A large number of identical droplets of a liquid, each of radius $r$, coalesce to form a bigger drop of radius $R$. It $\sigma$ is the surface tension of the liquid and $\rho$ its density and if $60\%$ of the energy released is used up in increasing the kinetic energy of the big drop, the velocity of drop will be 

If n droplets coalesce, the energy released is 

         $E=(n\times 4{\mathrm{\pi r}}^2-4{\mathrm{\pi R}}^2)\mathrm{\sigma }$ 

 Since there is no change in volume in this process, 

                n x $\frac{4\mathrm{\pi }}{3}{r}^3$ = $\frac{4\mathrm{\pi }}{3}{R}^3$

$$\begin{gathered} \Rightarrow n=\frac{R^3}{r^3} \\ \therefore E=\left(\frac{R^3}{r^3}\times 4{\mathrm{\pi r}}^2-4{\mathrm{\pi R}}^2\right)\sigma \\ =4{\mathrm{\pi R}}^2\left(\frac{R}{r}-1\right)\sigma \end{gathered}$$

$60\%$ of $E$$=0.6\times 4{\mathrm{\pi R}}^2\left(\frac{R}{r}-1\right)\sigma$. 
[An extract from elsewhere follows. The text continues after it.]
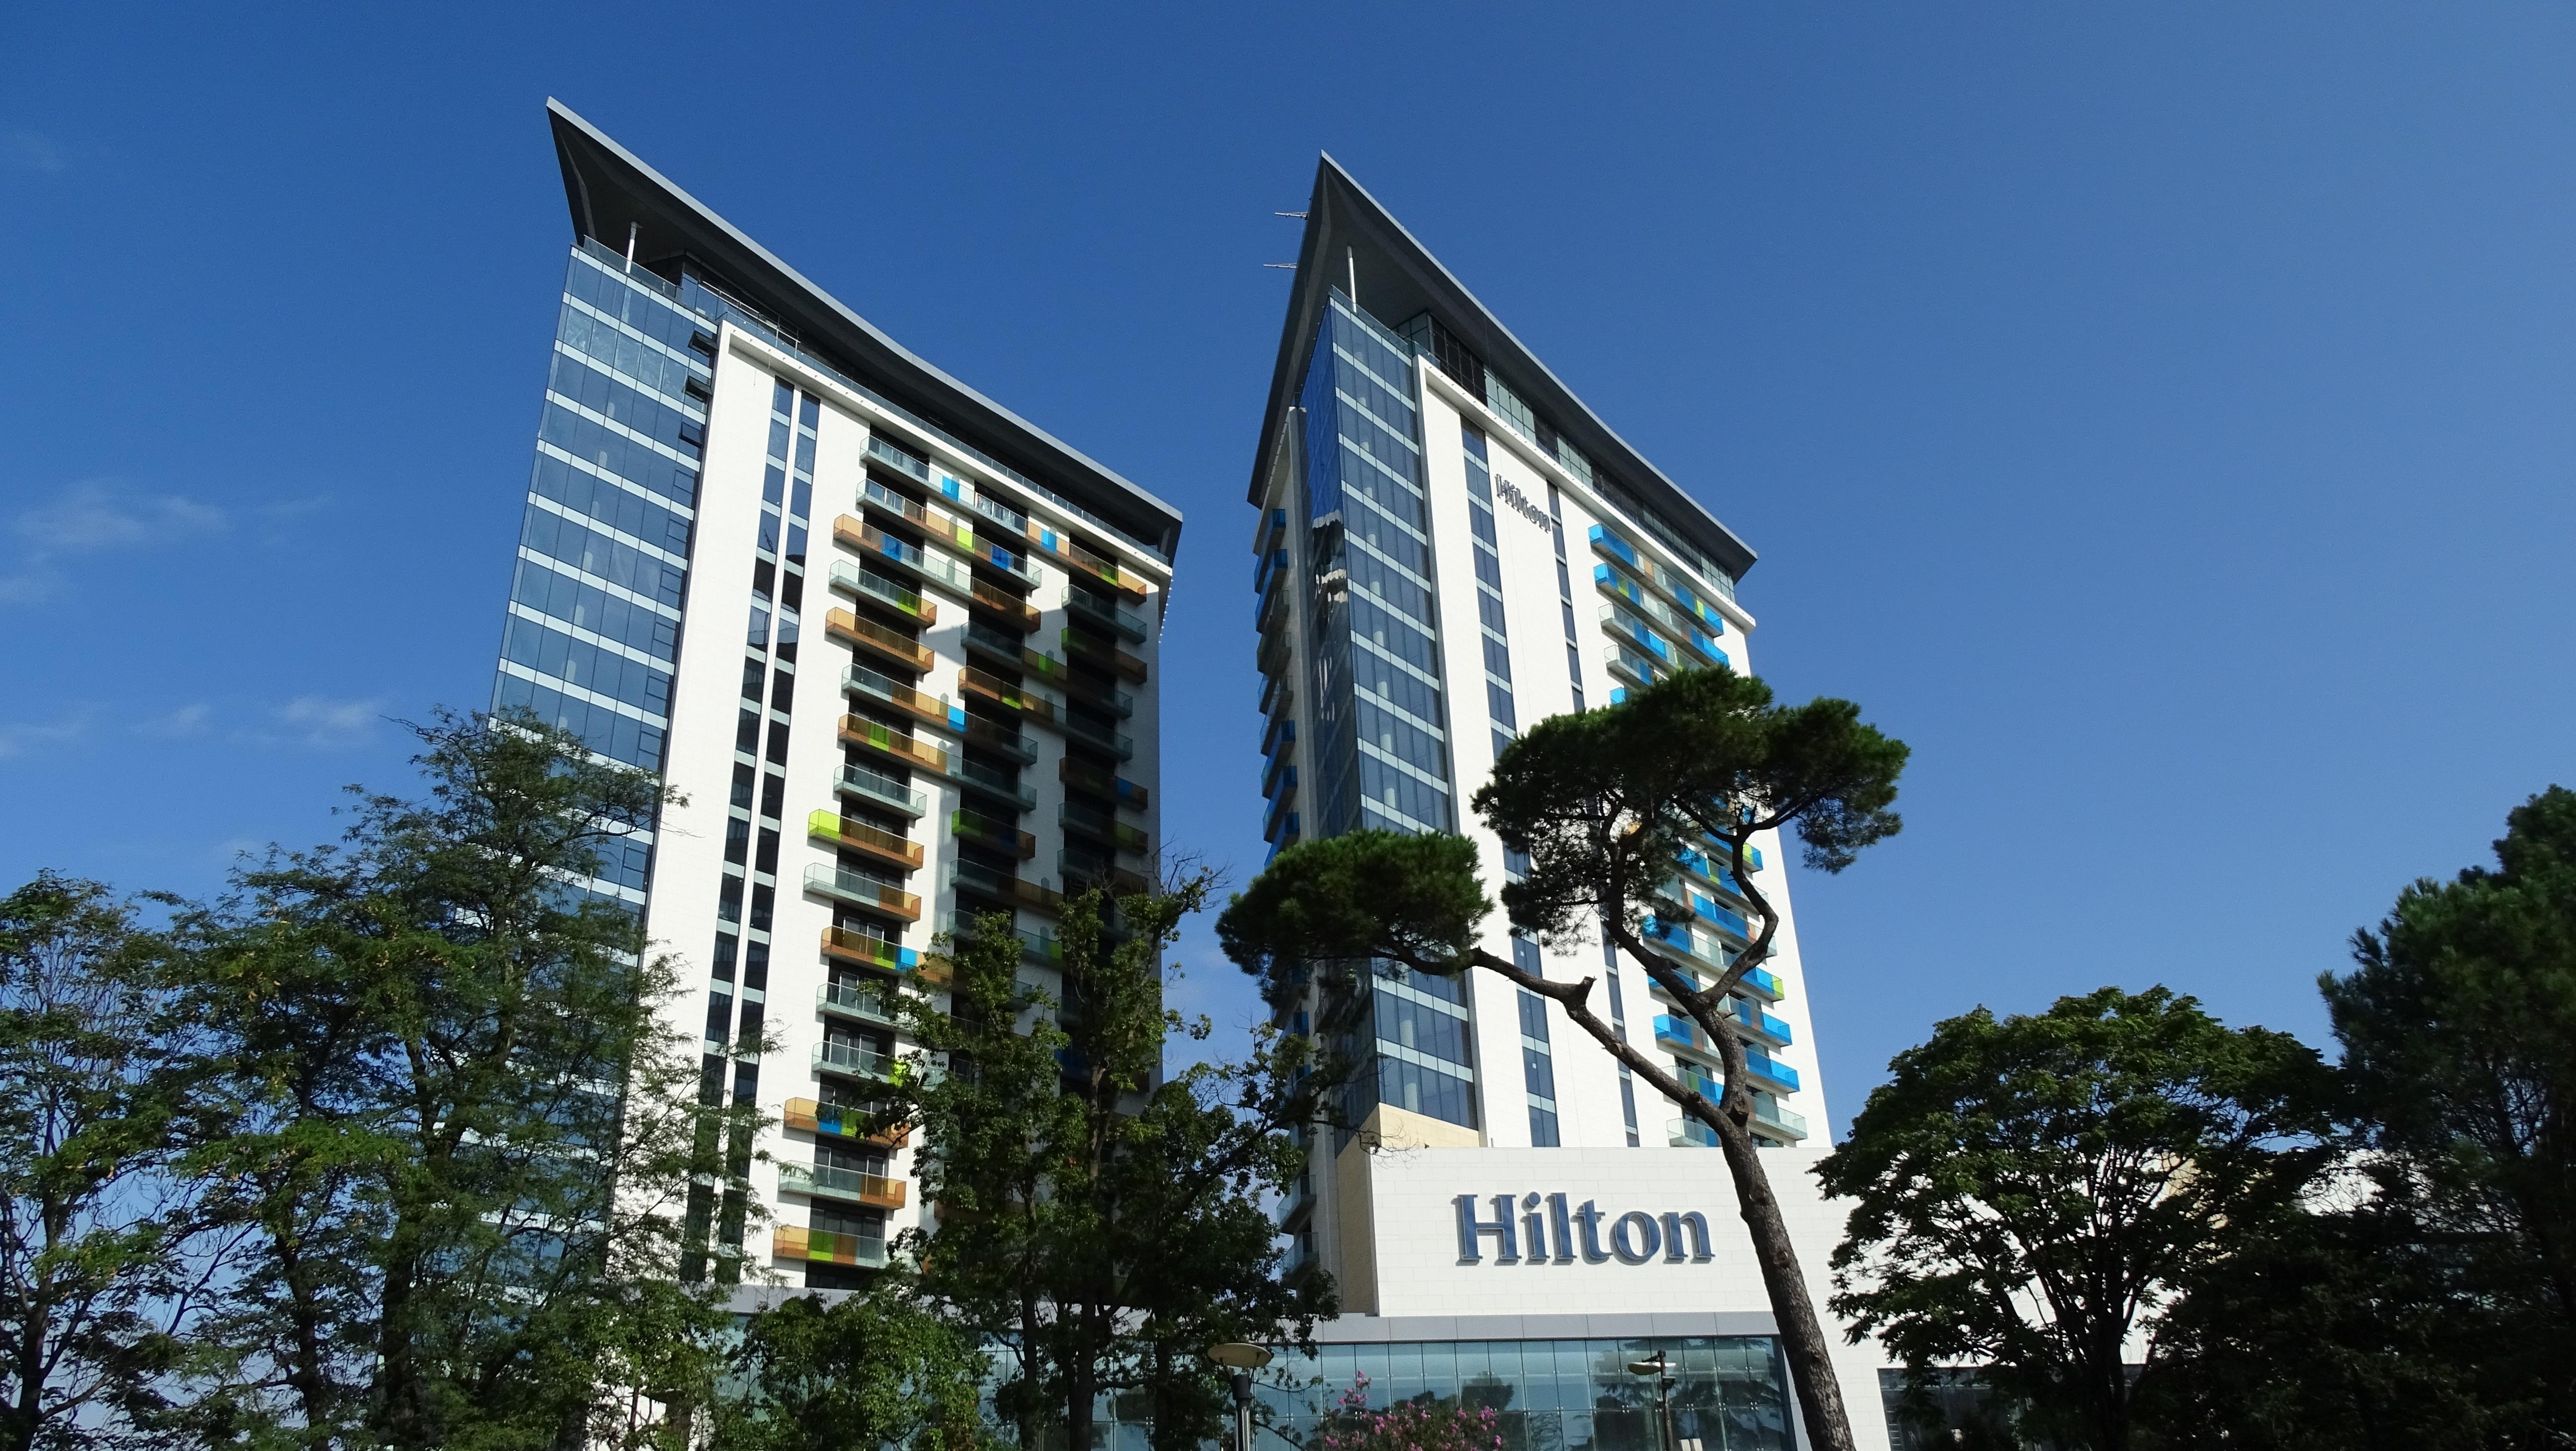 New Radisson Promotion and Hilton Welcome Bonus

Mass of big drop is $M=\frac{4\pi }{3}\rho R^3$

If v is the velocity of the drop. 

           $$\begin{gathered} \frac{1}{2}M{v}^2=0.6\times 4{\mathrm{\pi R}}^2\left(\frac{R}{r}-1\right)\sigma \\ \Rightarrow \frac{1}{2}\times \frac{4\mathrm{\pi }}{3}\rho R^3{v}^2=0.6\times 4{\mathrm{\pi R}}^2\left(\frac{R}{r}-1\right)\sigma \\ \Rightarrow v={\left[\frac{3.6\sigma }{\rho rR}\left(R-r\right)\right]}^{1/2} \end{gathered}$$

So the correct choice is (a).